Tyco Sues Former Company Officials Mon Jun 17, 6:48 PM ET By HARRY R. WEBER, Associated Press Writer
CONCORD, N.H. (AP) - Tyco International Ltd. sued two former top company officials Monday, claiming they received compensation totaling $55 million that should have been disclosed to and approved by the company's board.
Tyco accused former legal counsel Mark Belnick, who was fired last week for undisclosed reasons, of failing to disclose $35 million in compensation and loans. The company said Belnick also concealed from the board the criminal investigation that led to Dennis Kozlowski's June 3 resignation as chief executive.
The federal lawsuit filed in Manhattan also accuses Belnick of deleting computer files and attempting to remove files when he knew that the company had begun internal investigation after Kozlowski resigned.

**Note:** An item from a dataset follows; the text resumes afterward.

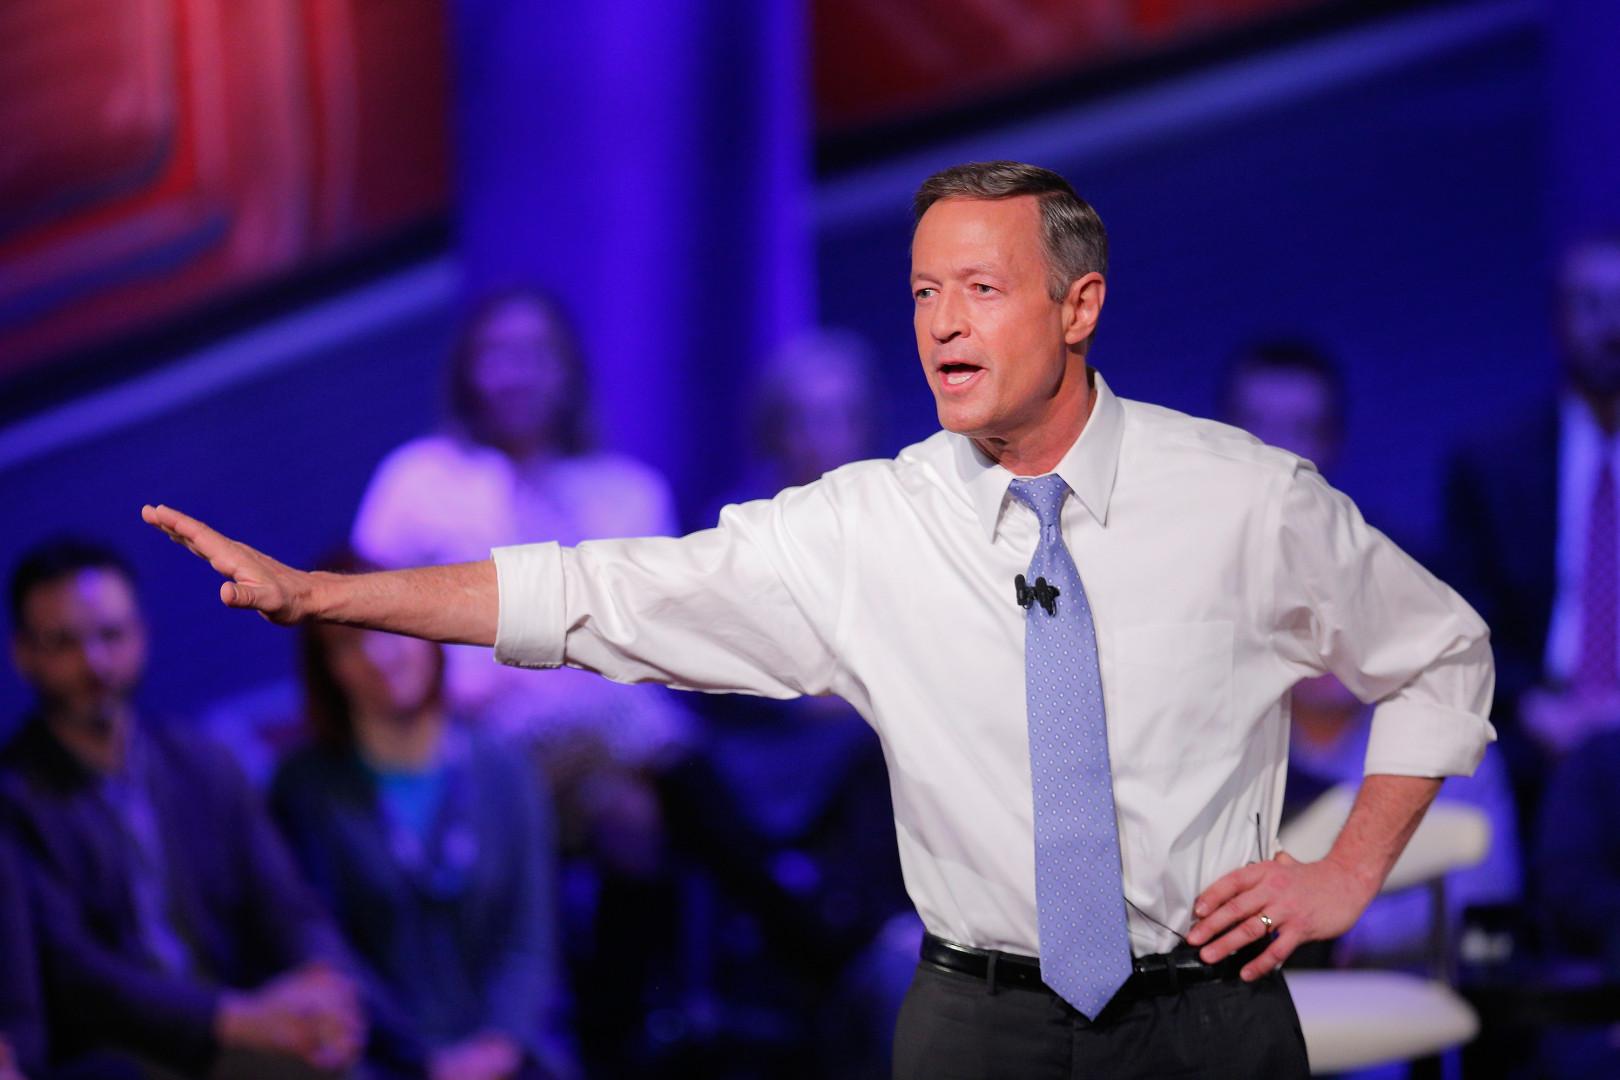 Martin O'Malley était candidat à la primaire démocrate

Belnick's lawyer, Stanley Arkin, called the suit "a shabby tactic by a faction on the Tyco board."
"Mark never misappropriated any money. He conducted himself as an honest and upstanding general counsel," Arkin said in an interview.
But Tyco, in its suit, says Belnick conspired with Kozlowski for his own financial gain.
Among the accusations against Belnick is that he solicited and accepted large cash and restricted stock bonuses from Kozlowski valued at $20 million in 2000 alone without the approval of the board.
The suit says Belnick also took an interest-free $10 million loan from the company without the board's approval and used it to buy a resort home in Park City, Utah, in violation of what the money was supposed to be used for.
The money came from a Tyco relocation loan program to assist employees who were going to move from Tyco's headquarters in New Hampshire to its offices in New York.
Belnick also failed to notify the board on May 3 that he had received a subpoena in connection with the New York criminal investigation of Kozlowski, the suit says.
In a separate lawsuit filed in the same court, Tyco said former director Frank Walsh received $20 million as a finder's fee after the company bought its CIT lending unit last year.
The lawsuit says Walsh's position at the time as Tyco's lead director and a member of its corporate governance and nominating committee "made it overwhelmingly likely that the disclosure of his payments would cause substantial harm to the company's reputation."
On Jan. 29, the day after Walsh's fee was disclosed publicly, Tyco's stock dropped sharply, from $42 to $33.65 a share, the company said. Walsh was a Tyco director from 1997 until February, the month after the payment became public.
In a statement, Walsh called Tyco's lawsuit "a clear overreaction" to recent turmoil at the company.
Tyco has seen its stock plunge 76 percent since Jan. 1 amid Enron-inspired accounting questions, a decision by the company to reverse course on a breakup plan, the sudden resignation of its chief executive and his indictment on sales tax evasion charges.
Walsh said he received $10 million and the additional $10 million was donated at his request by Tyco to the Community Foundation of New Jersey.
He said the $10 million was negotiated directly with Kozlowski and had been disclosed.
Kozlowski resigned June 3, a day before he was indicted on sales tax evasion charges in New York involving the purchase of art that cost $13 million.
The suit filed against Walsh in U.S. District Court in Manhattan seeks undisclosed compensatory and punitive damages.
"We are taking this action because Frank Walsh violated his fiduciary duties and put his personal gain ahead of the interests of the company and its shareholders," Tyco said. "Mr. Walsh engaged in a pattern of self-dealing and unethical conduct."
Tyco, which bought the CIT Group Inc. for $9.2 billion a year ago, now plans to sell or spin it off for an estimated $5.8 billion to help pay down Tyco's $27 billion in debt.
Tyco alleges Walsh arranged the unauthorized $20 million payment from Tyco, hid it from his fellow directors and refused to return it after being confronted by the board early this year.
The suit says Walsh proposed the CIT purchase and introduced Kozlowski to the head of CIT. After the terms of the acquisition were reached, Walsh asked Kozlowski for a finder's fee, the suit says.
Walsh "ultimately induced Kozlowski to agree to pay him a $20 million fee ... without the knowledge or consent of the Tyco board," Tyco said.
Tyco, based in Bermuda but with headquarters in Exeter, N.H., has more than 270,000 employees and makes products ranging from undersea fiberoptic cable to coat hangers.
The company's shares closed up 69 cents, or 5 percent, to $14.09 Monday on the New York Stock Exchange ( news - web sites).